Attorney John Deaton is the lead representative of a class of XRP holders who wish to intervene in the said lawsuit. When asked what a settlement in the present case would absolutely need, he responded.

“If the judge allows us to participate, the first thing I’m going to do is file a declaratory judgment, asking the court as a matter of law to say exactly what Judge Castell said in Telegram [case] where he said that GRAM itself is just an alpha-numeric code. That’s the same with XRP.”

He added,

“As a matter of law, XRP itself is an asset. And, any settlement will have to distinguish between sales of XRP in those earlier years versus the sales on secondary markets.”
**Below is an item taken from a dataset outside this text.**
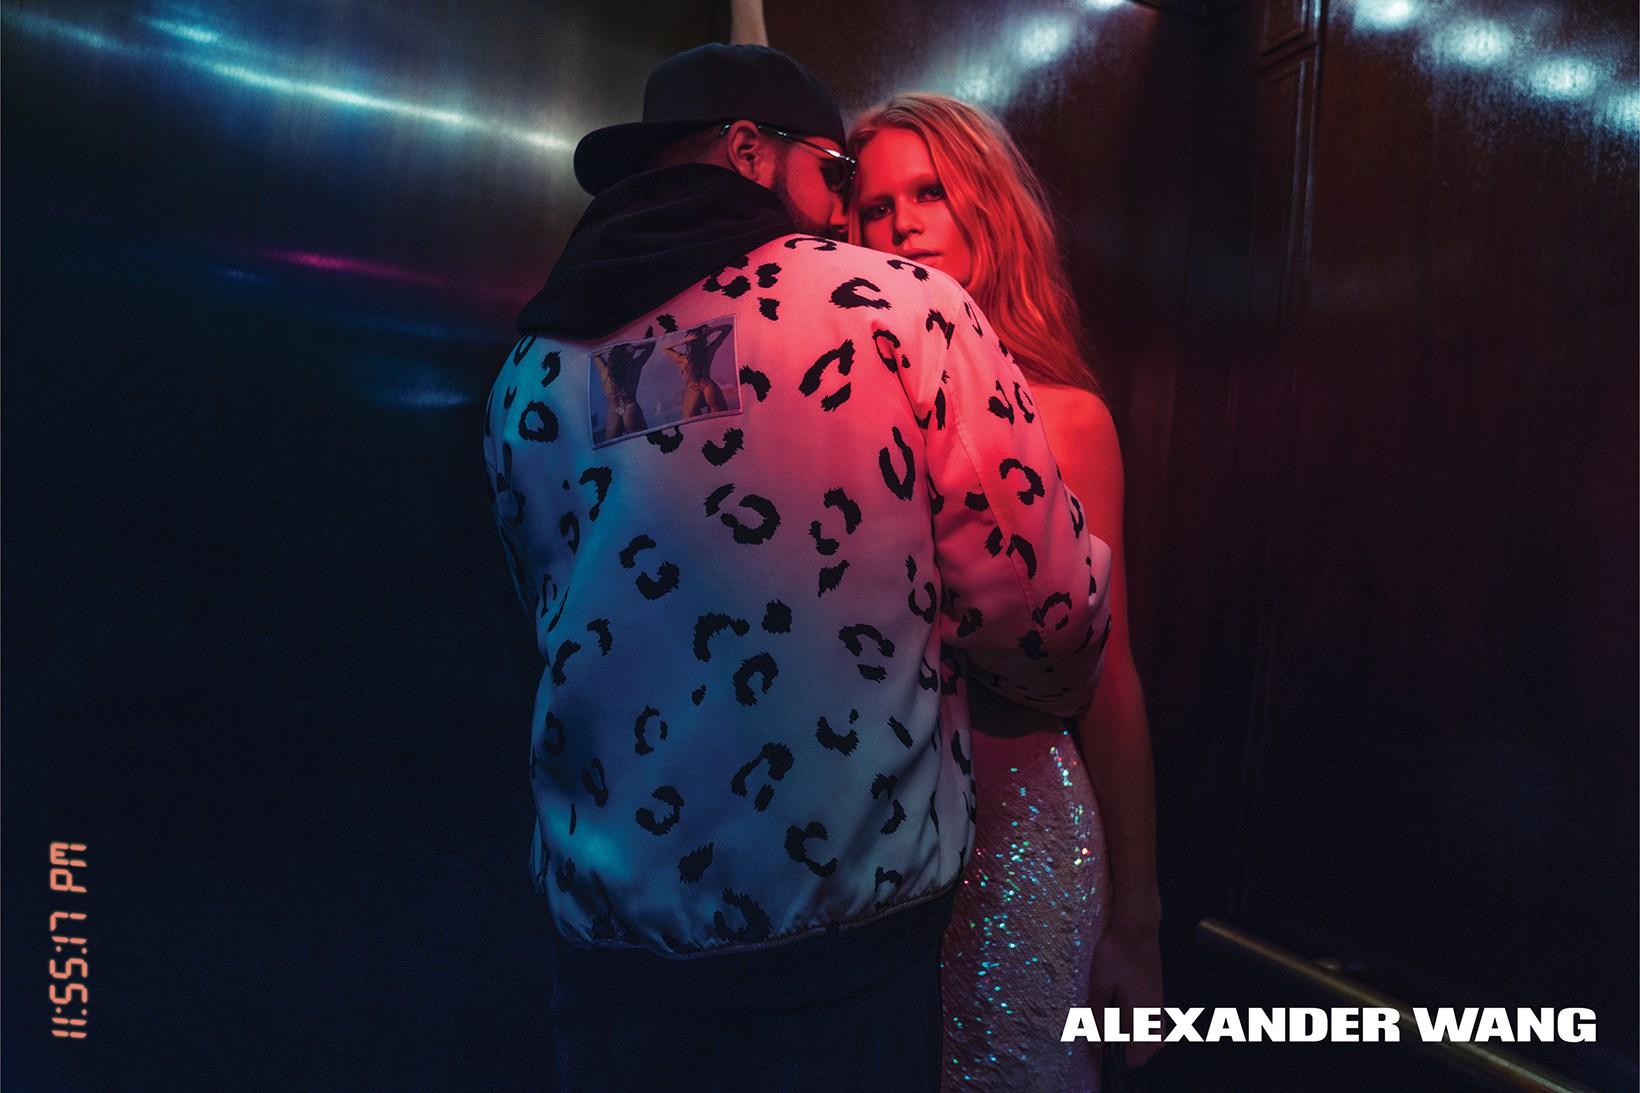 alexander-wang-inez-vinoodh-beyond-reality-campaign-3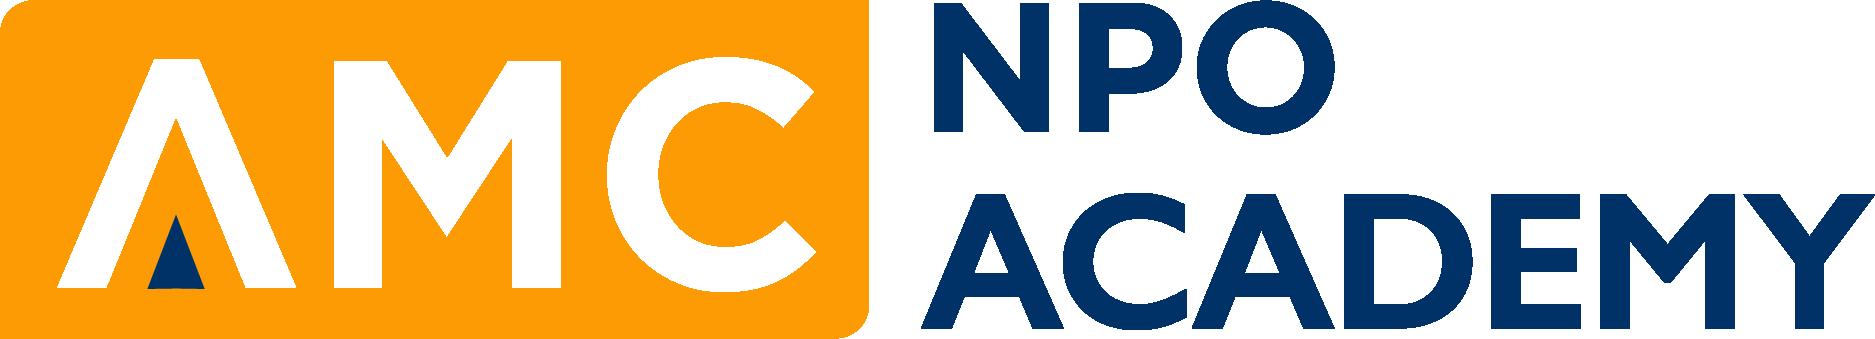 AMC NPO ACADEMY

That being said, there was some pushback from the panel itself, with Professor Carol Goforth among the ones to claim that while the timing of the lawsuit was all wrong, under law, the SEC’s actions were perfectly justified.

She added,

“They [XRP holders] bought XRP because they expected Ripple to push up the value of the token so that it would be a speculative profitable investment. It’s a common enterprise and everyone’s interest in XRP rises or falls together and it is something where they are expecting profits from the efforts of Ripple and that makes it a security.”

Others on the panel, however, took a more neutral approach with China Tech Threat’s Roslyn Layton commenting that what is required is a “durable way to keep the SEC in check,” possibly by way of a “Ripple test” to account for the modern-day since the Howey Test might not be best suited to assess cryptos at this time.